EXERCISE BRIEF: Print the entire listing below word for word, excluding its pictures.
::: EXCERPTED RECORDS
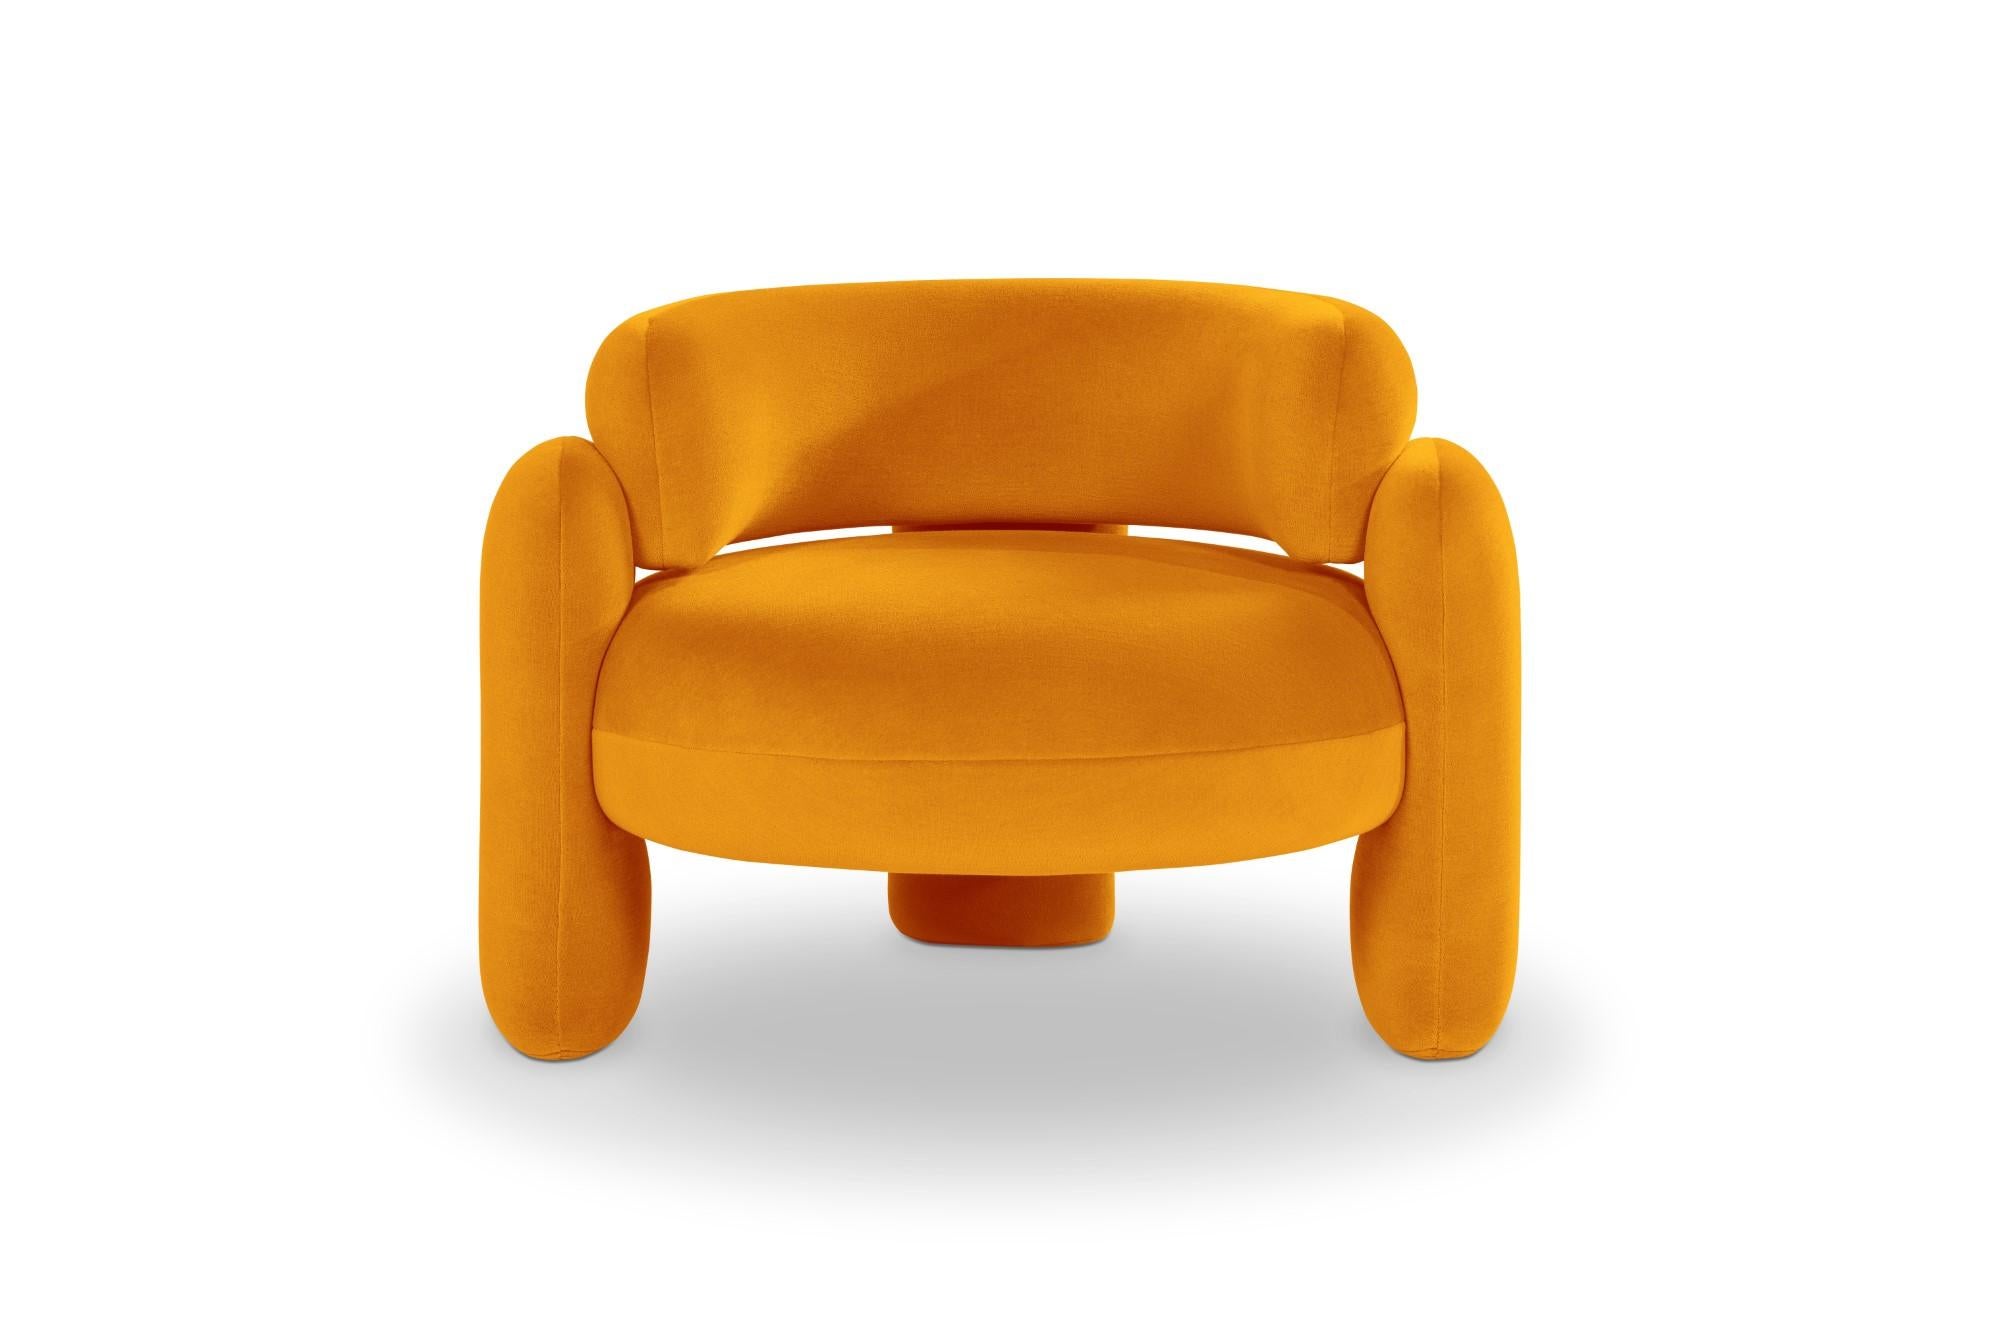 Embrace Gentle 443 Sessel von Royal Stranger 
Abmessungen: B 96 x T 85 x H 68 cm.
Es sind verschiedene Farben und Ausführungen der Polsterung erhältlich. Bitte kontaktieren Sie uns.
MATERIALIEN: Polstermöbel.

Der Embrace Armchair ist eine
::::::
PROBLEM SOLUTION:
 Embrace Gentle 443 Sessel von Royal Stranger 
Abmessungen: B 96 x T 85 x H 68 cm.
Es sind verschiedene Farben und Ausführungen der Polsterung erhältlich. Bitte kontaktieren Sie uns.
MATERIALIEN: Polstermöbel.

Der Embrace Armchair ist eine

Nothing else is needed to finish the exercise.